Though the Food and Drug Administration already granted emergency use authorization for the vaccine in kids ages 12 to 15 on Monday, only a small handful of states — including Georgia and North Carolina — had so far directed providers in their states to begin giving the shots to adolescents. The CDC says vaccinators are required to follow its recommendations, which before today's vote had only allowed for the shots to be used in people as young as 16. 

To help reach families who want the shots, the Biden administration said the CDC is working with state officials to enroll more pediatricians and family doctors as vaccine providers and to make sure Pfizer vaccine supplies are available at local pharmacies. 

Federal and local health officials are planning on a "stepwise approach" to rolling out Pfizer's shot for adolescents, CDC officials said, including adding new school-based vaccination programs later this year. 

"This would include an early summer sprint in May and June, followed by increasing access in June and July, and a back-to-school campaign later in the summer, and at the start of the school year," CDC's Dr. Sara Oliver said. 

Several members of the committee spoke passionately about the importance of the vaccine. 

"This is a really important issue for this summer. It's also a very good way to provide better community immunity, especially for immunocompromised patients who have these teenagers in their families. And this is another way to get closer to ending this horrible pandemic," Dr. Camille Nelson Kotton, a top infectious diseases specialist at Massachusetts General Hospital, said after voting in favor of the shot for adolescents. 

The agency also will now allow for "coadministration" of COVID-19 vaccines with other shots, citing a growing body of evidence on the vaccine's safety. 

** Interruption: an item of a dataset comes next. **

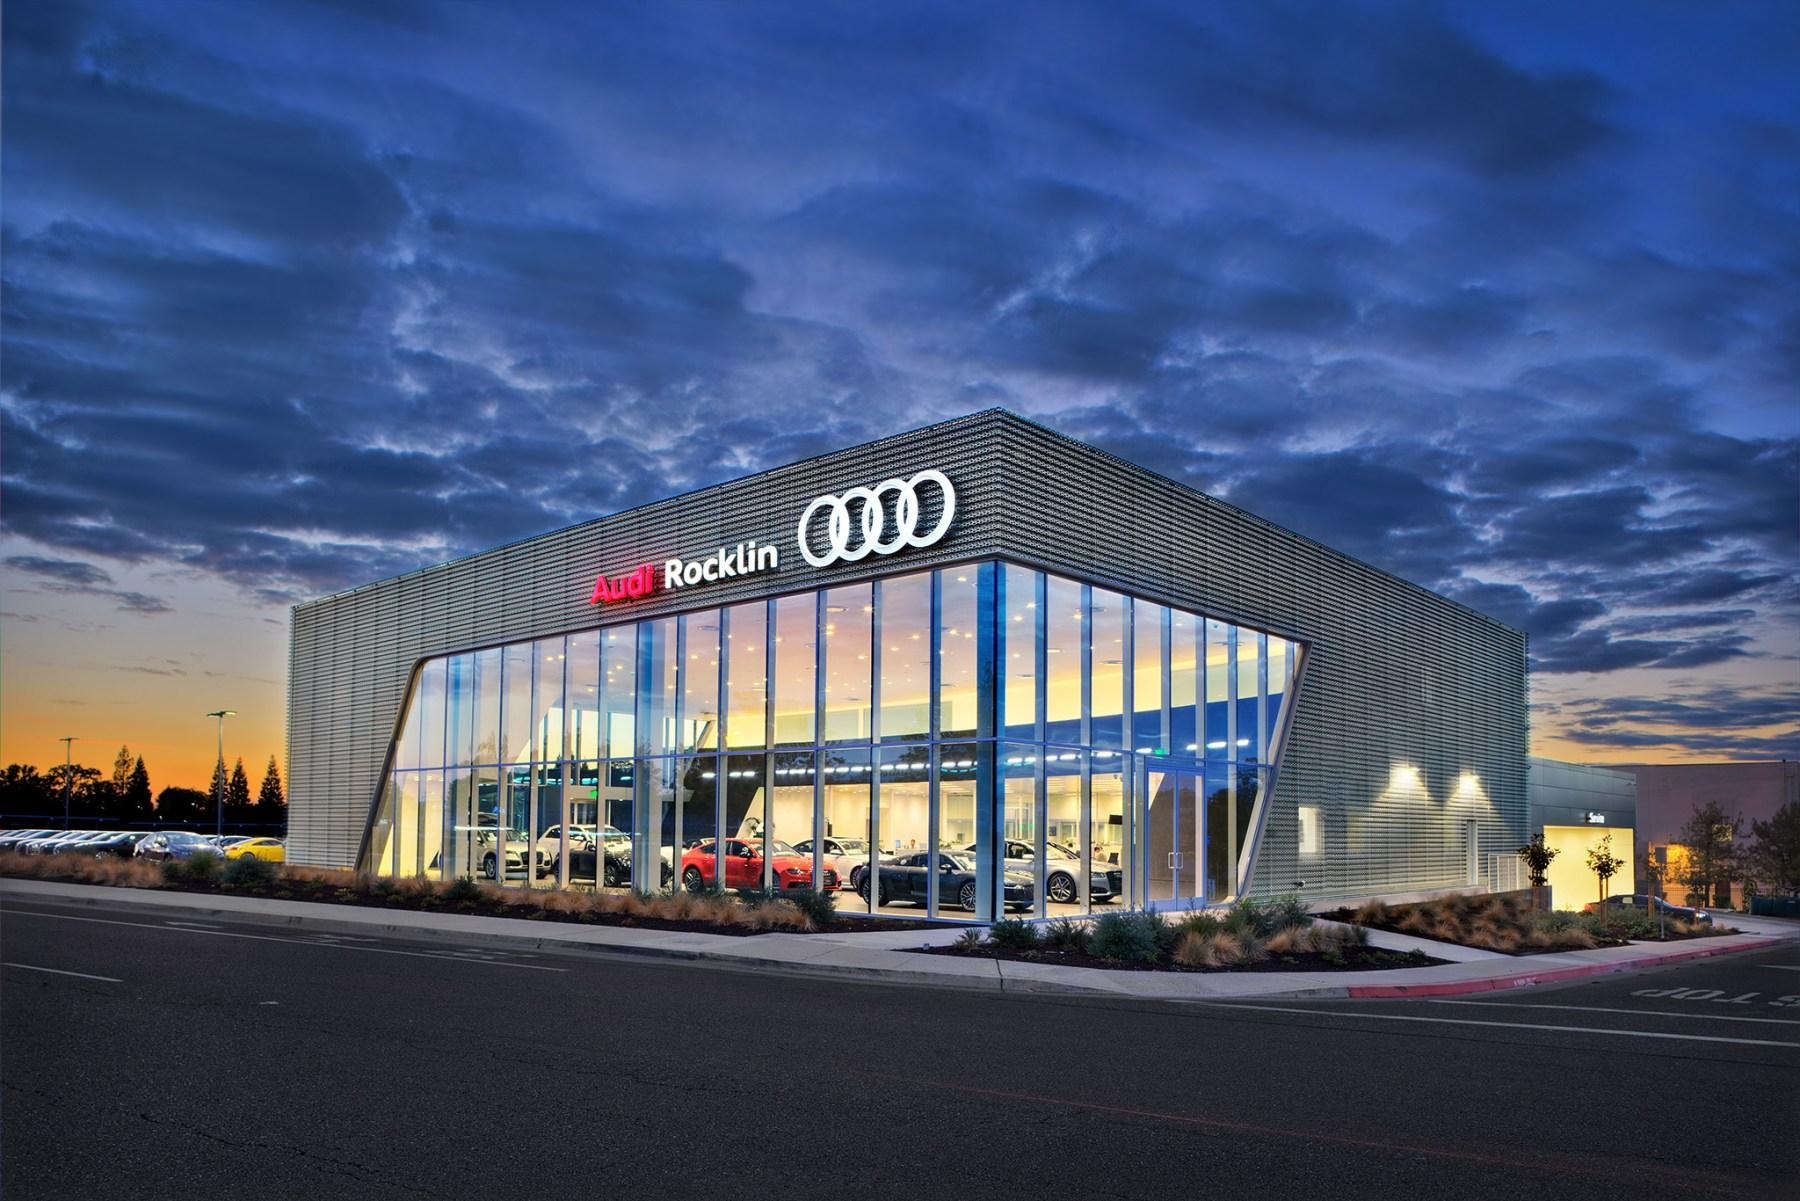 Photo of Audi Rocklin at Dusk

Pediatricians had warned that the agency's previous guidance against getting any other shots within 14 days before or after the COVID-19 vaccine posed "very real risks" to hamper efforts to catch adolescents up on missed inoculations before the next school year.

CDC officials have warned for months that routine immunizations among children had plummeted amid the pandemic, down 11.7 million doses compared to 2019. 

The FDA's review of Pfizer's data confirmed the company's clinical trial found the shots were safe and effective in adolescents, and that the side effects were "consistent" with older age groups. In the study, 97.9% of adolescents were found to have produced enough antibodies in the month after their second dose.

The CDC's move could add nearly 17 million people to the pool of Americans eligible for COVID-19 vaccines, according to a Kaiser Family Foundation analysis. However, a poll taken by the group last month found just 30% of parents said they planned to get their kids in this age group vaccinated as soon as it was authorized. Another 25% said they wanted to wait and see.

"Understandably, some parents want more information before their children receive a vaccine," Walensky said. "I encourage parents with questions to talk to your child's healthcare provider or your family doctor to learn more about the vaccine." 

While cases of COVID-19 are often milder in children, officials have said vaccinating younger Americans would help avert future surges of cases in the adults around them and could accelerate the lifting of some public health restrictions.

Walensky acknowledged hesitancy among some parents at a Senate hearing on Tuesday, but said she encourages parents to get their children vaccinated.

"I have a 16-year-old myself, and I can tell you he wants to get the vaccine. He wants his life back. These kids want to go back to school, they want to go back to the things they love," Walensky said.